Hedge funds came under heightened examination as a result of the failure of Long-Term Capital Management (LTCM) in 1998, which necessitated a rescue coordinated (but not financed) by the U.S. Federal Reserve. Critics have charged that hedge funds create systemic risks highlighted by the LTCM disaster. The excessive leverage (through derivatives) that can be used by hedge funds to achieve their return is outlined as one of the major factors of the hedge funds' contribution to the systemic risk.
The ECB (European Central Bank) issued a word of warning in June 2006 on hedge fund risk for financial stability and systemic risk: "... the increasingly comparable positioning of individual hedge funds within broad hedge fund investment strategies is another chief risk for financial stability which warrants close monitoring despite the essential lack of any possible remedies. This risk is additional magnified by evidence that broad hedge fund investment strategies have also become increasingly interrelated, so further increasing the potential adverse effects of disorderly exits from crowded trades." Nevertheless the ECB statement has been disputed by parts of the financial industry.
The potential for systemic risk was tinted by the near-collapse of two Bear Stearns hedge funds in June 2007. The funds are invested in mortgage-backed securities. The funds' financial problems necessitated a combination of cash into one of the funds from Bear Stearns but no outside assistance. It was one of the largest fund bailout since Long Term Capital Management's collapse in 1998. The U.S. Securities and Exchange Commission is investigating on this bailout.
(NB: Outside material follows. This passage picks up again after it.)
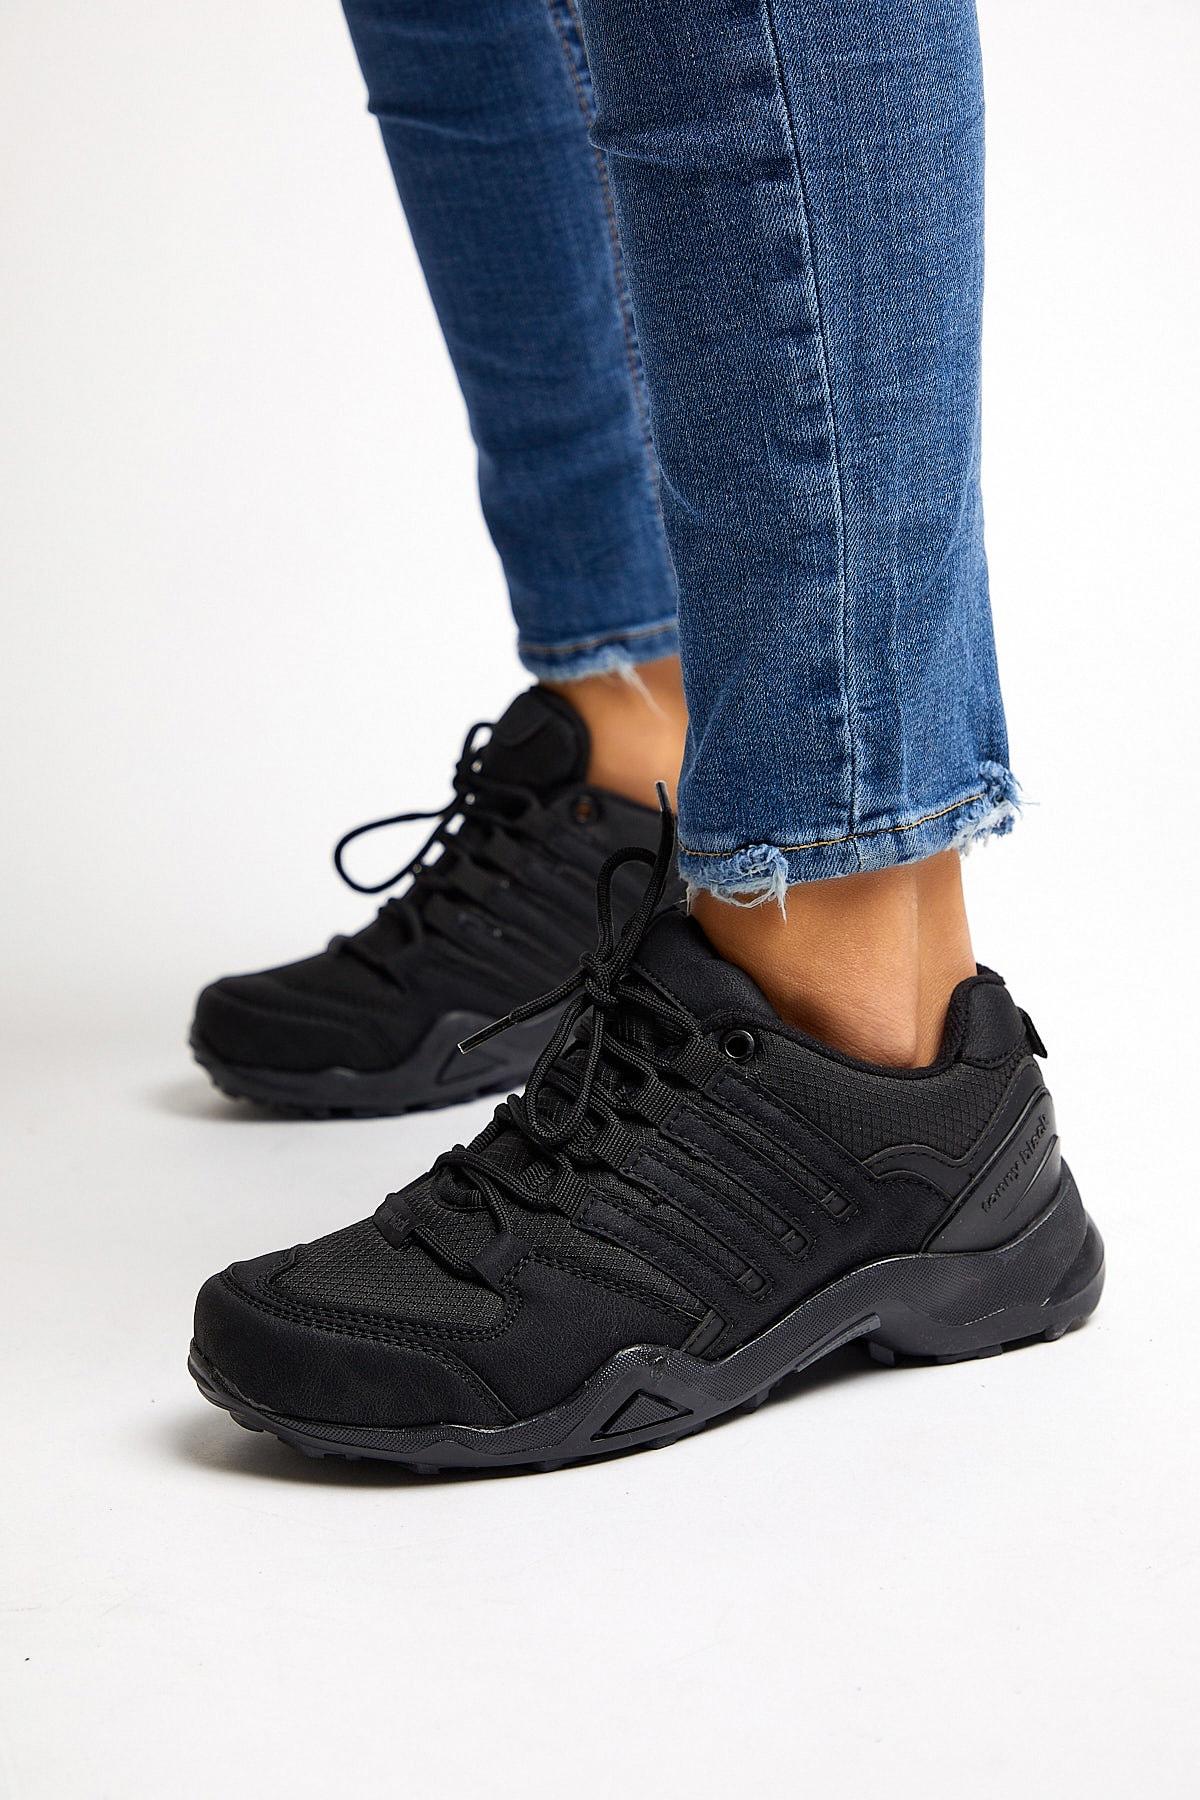 Tonny Black Unısex Trekkıng Ayakkabı Siyah Tb241 2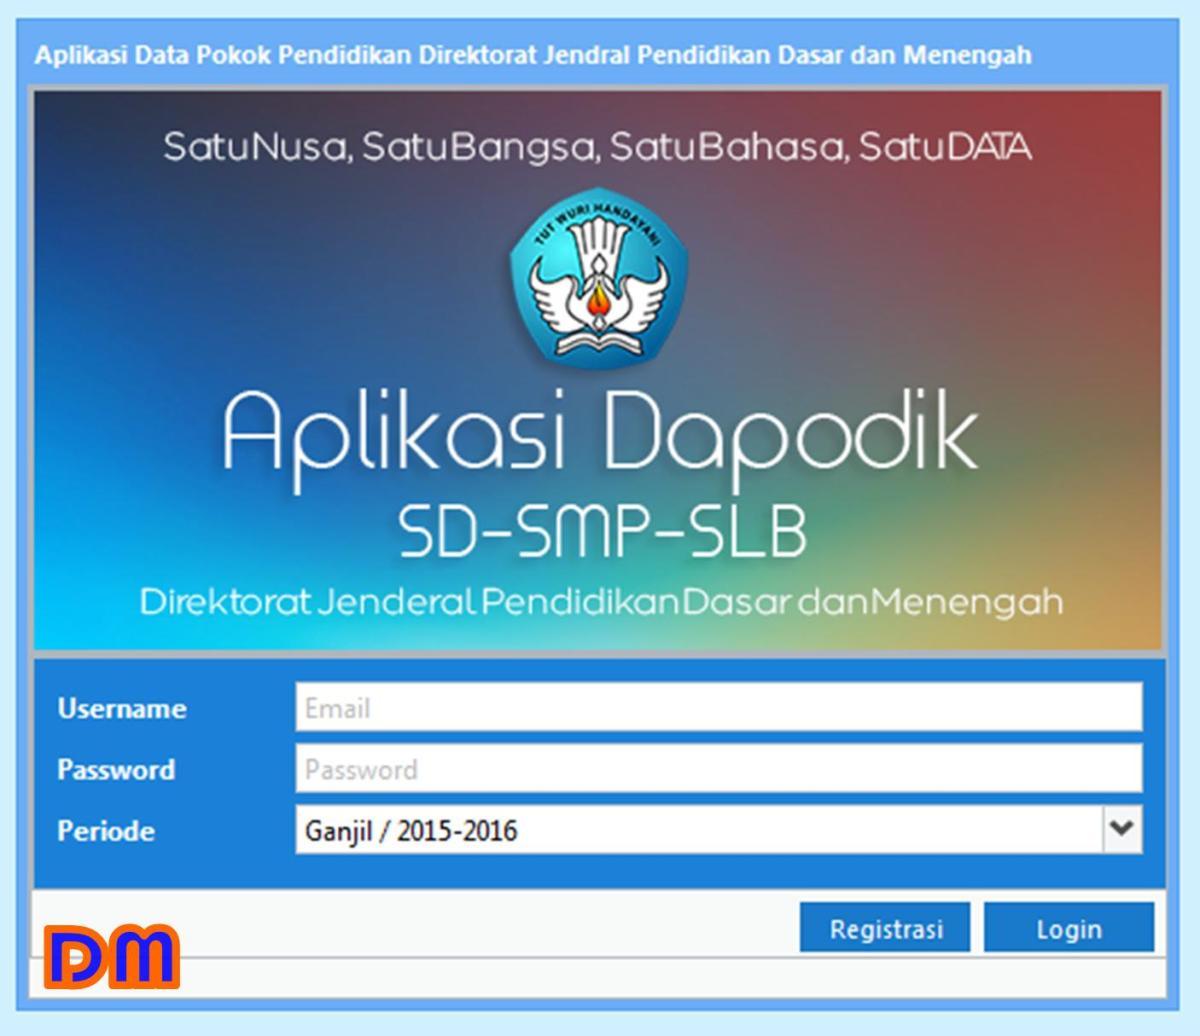 Kirim / Sinkronisasi PMP Dapodik - TENDY DEVELOPER

As private, lightly regulated entities, hedge funds are not appreciative to disclose their activities to third parties. This is in distinction to a regulated mutual fund (or unit trust) which will typically have to meet regulatory necessities for disclosure. An investor in a hedge fund generally has direct access to the investment advisor of the fund, and may have the benefit of more personalized reporting than investors in retail investment funds. This may include detailed deliberations of risks assumed and significant positions. Nevertheless, this high level of disclosure is not available to non-investors, contributing to hedge funds' reputation for secrecy, though several hedge funds are offer very limited transparency even to investors.
Some hedge funds, principally American, do not use third parties either as the custodian of their assets nor as their administrator (who will calculate the NAV of the fund). This can lead to conflicts of interest, and in severe cases can assist fraud. In a recent illustration, Kirk Wright of International Management Associates has been accused of mail fraud and other securities violations which supposedly defrauded clients of close to $180 million. In December 2008, Bernard Madoff was in prison for running a $50 billion Ponzi scheme.
The rather disappointing hedge fund performance of the past five years calls into question the substitute investment industry's value proposition. Alpha had appeared as becoming rarer for two related reasons. First is to be, the increase in traded volume may have been reducing the market anomalies that are a source of hedge fund performance. Second one is to be, the remuneration model is attracting more managers, which may dilute the talent available in the industry, though these causes are disputed.